Shannon has also hired with six new coaching assistants, headlined by offensive coordinator Patrick Nix, who held the same position in 2006 with Georgia Tech.

During meetings with the ACC media, Shannon stated he believes the team can rebound and win the ACC, saying "I don't expect anything less."
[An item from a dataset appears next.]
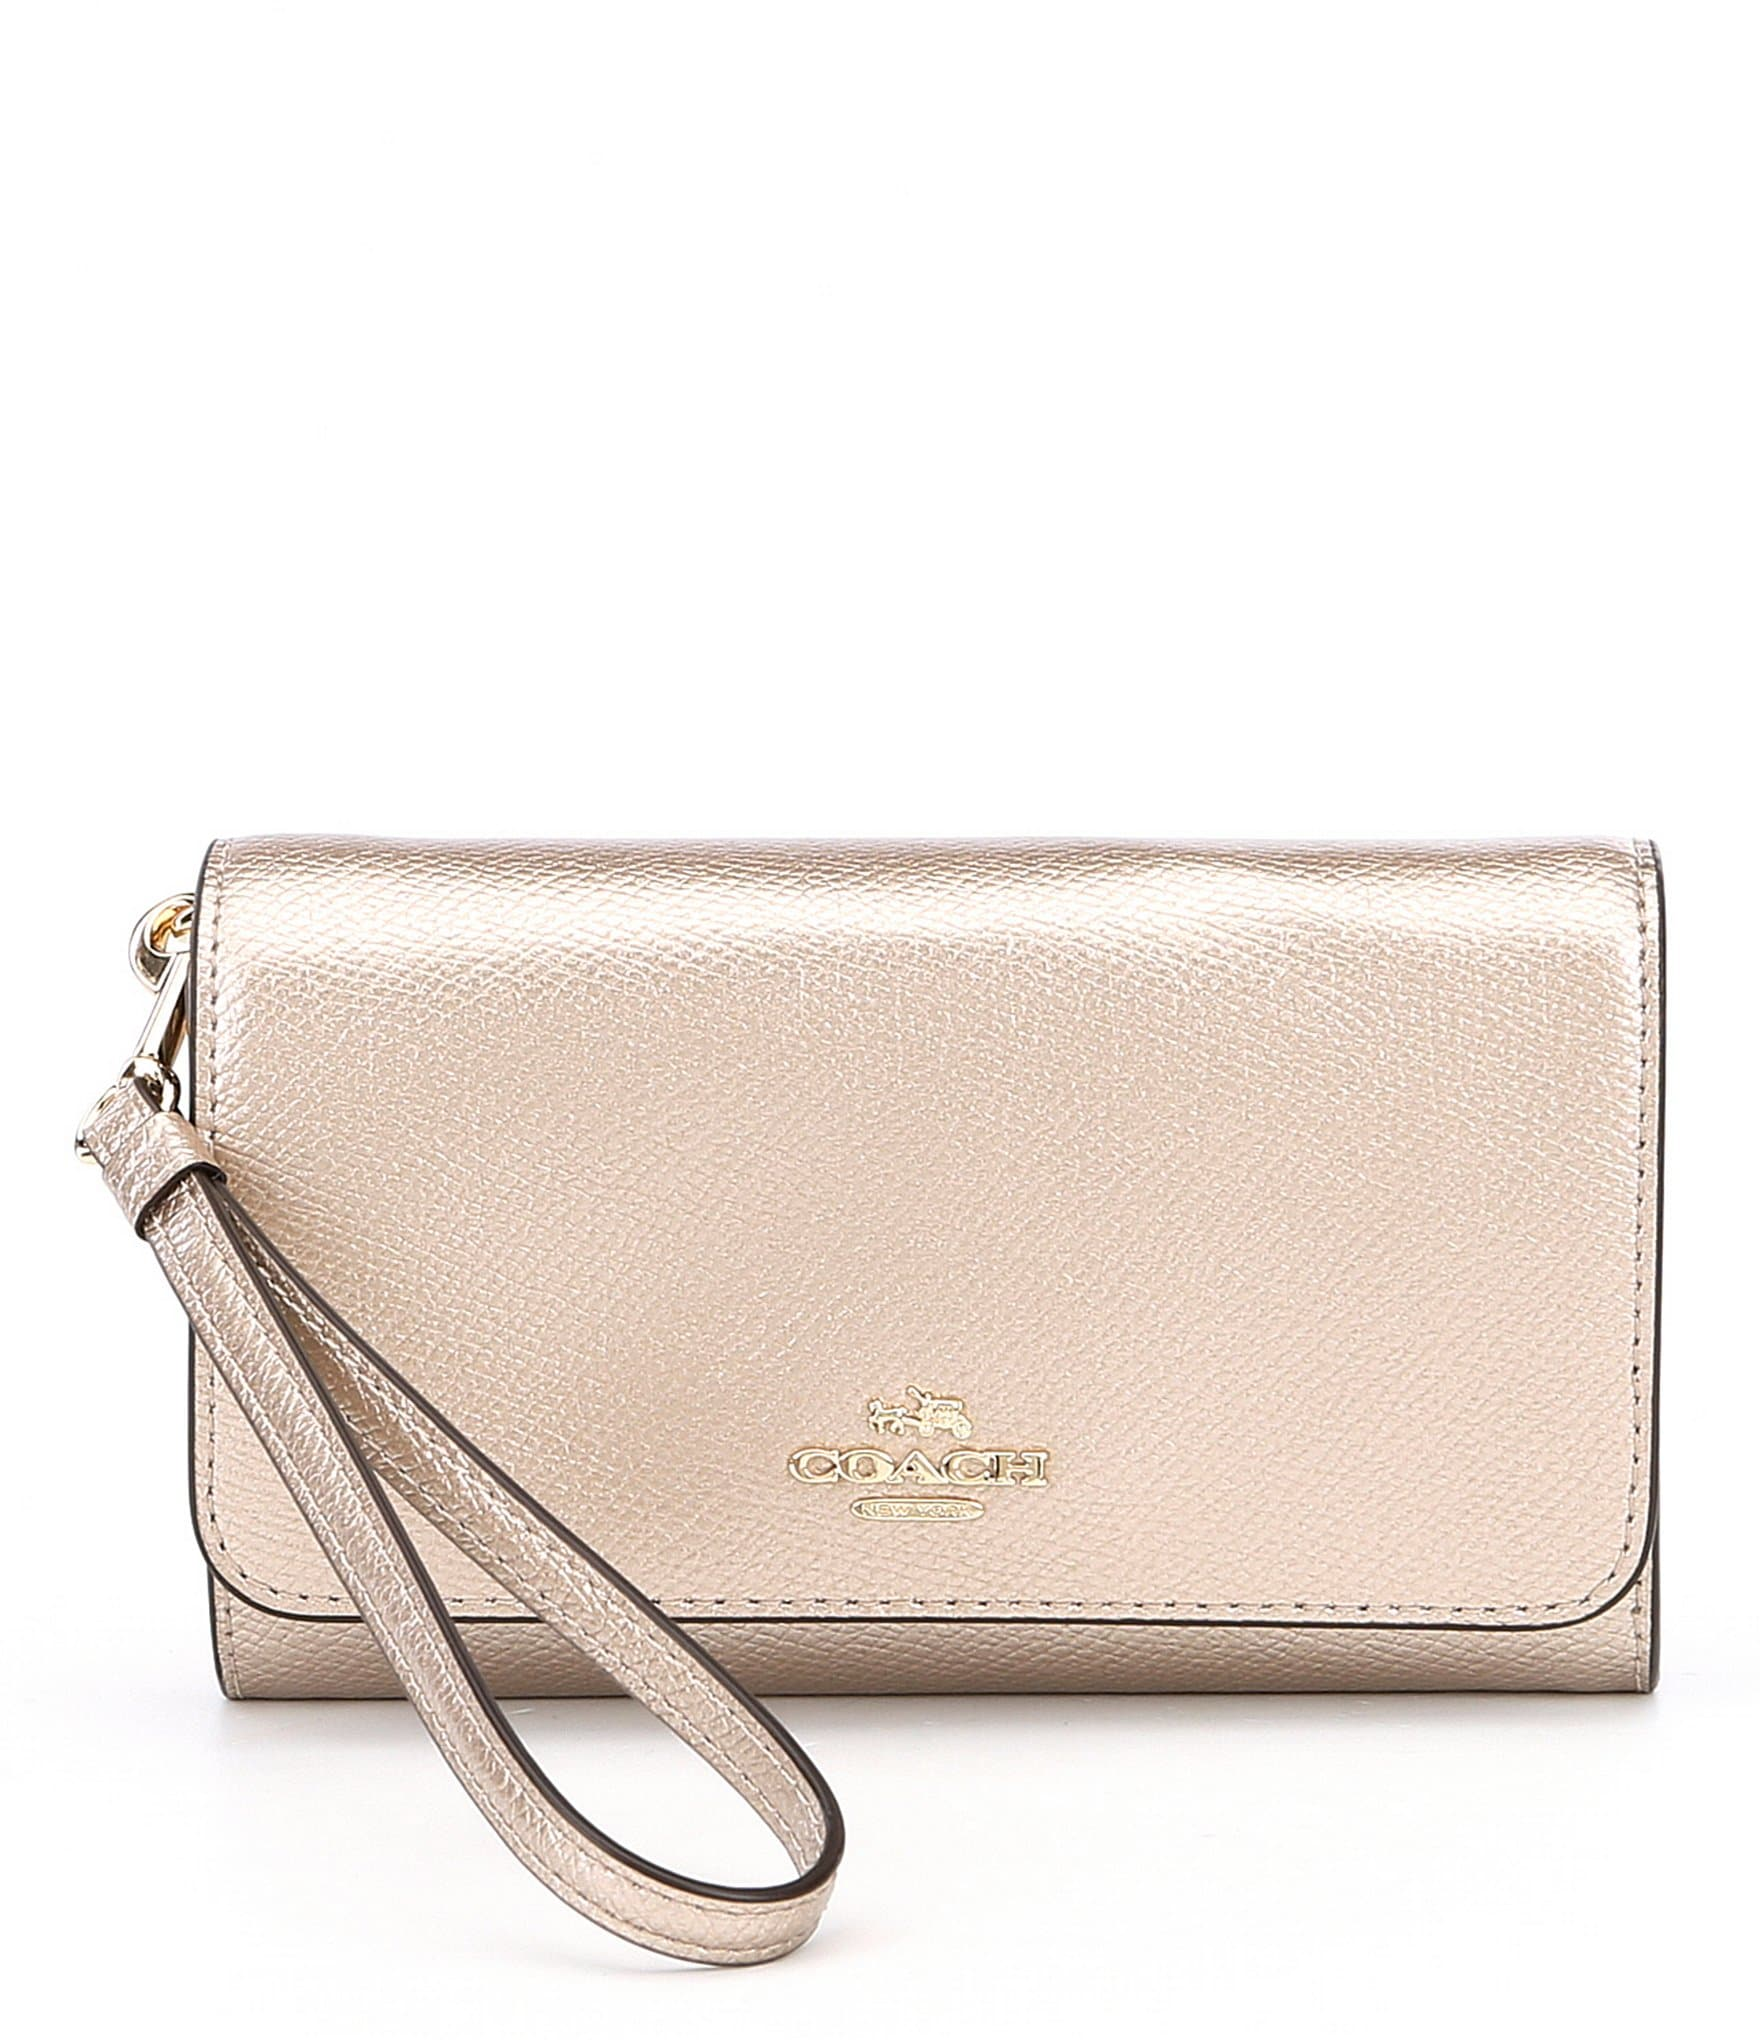 coach wristlets handbags usa knoxville tn rh pingmonitorapp com

==Recruiting class of 2007==

| Player | Position | Height | Weight | 40-time | Hometown |
| Daniel Adderley | WR | 6'6" | 215 | 4.59 | Simpsonville, SC |
| Allen Bailey | DE | 6'3" | 265 | 4.8 | Darien, GA |
| Damien Berry | DB | 5'11" | 197 | 4.46 | Belle Glade, FL |
| Jared Campbell | DB | 6'0" | 195 | 4.5 | Aurora, CO |
| Lee Chambers | RB | 5'10.5" | 189 | 4.56 | Coffeeville, MS |
| Graig Cooper | RB | 5'11" | 185 | 4.65 | Memphis, TN |
| Kayne Farquharson | WR | 6'2" | 185 | 4.4 | Homestead, FL |
| Orlando Franklin | OL | 6'6" | 300 | 5.47 | Delray Beach, FL |
| Harland Gunn | OL | 6'2" | 300 | 5.2 | Omaha, NE |
| Leonard Hankerson | WR | 6'2" | 185 | 4.4 | Fort Lauderdale, FL |
| Tyler Horn | OL | 6'5" | 290 | 5.3 | Memphis, TN |
| Robert Marve | QB | 6'1" | 189 | 4.65 | Tampa, FL |
| Jermaine McKenzie | WR | 6'1" | 164 | 4.41 | Bradenton, FL |
| Shawnbrey McNeal | RB | 5'9" | 181 | 4.45 | Dallas, TX |
| Joseph Nicolas | S | 6'2" | 195 | 4.5 | Homestead, FL |
| Adewale Ojomo | DE | 6'3" | 217 | 4.6 | Hialeah, FL |
| Andres Arroyo | DT | 6'7" | 350 | 5.50 | Miami, FL |
| DeMarcus Van Dyke | DB | 6'1.5" | 157 | 4.35 | Miami, FL |
| Doug Wiggins | DB | 5'11" | 180 | 4.5 | Miami, FL |
| Total commitments | 19 | | | | |

In the pre-season, ESPN listed incoming running back Graig Cooper as one of the top-10 impact freshman for 2007.

==Personnel==

| Position | Name | Yrs. in current pos. |
|---|---|---|
| Head coach | Randy Shannon | 1st |
| Offensive coordinator | Patrick Nix | 1st |
| Defensive coordinator | Tim Walton | 1st |
| Special teams / TEs | Joe Pannunzio | 2nd |
| Quarterbacks | Patrick Nix | 1st |
| Running backs | Tommie Robinson | 1st |
| Wide receivers | Marques Mosley | 2nd |
| Offensive line | Jeff Stoutland | 1st |
| Defensive line | Clint Hurtt | 2nd |
| Linebackers | Micheal Barrow | 1st |
| Defensive backs | Wesley McGriff | 1st |
| Strength & conditioning | Andreu Swasey | 7th |

==Preseason==
Miami began the 2007 season unranked for the first time since 1998.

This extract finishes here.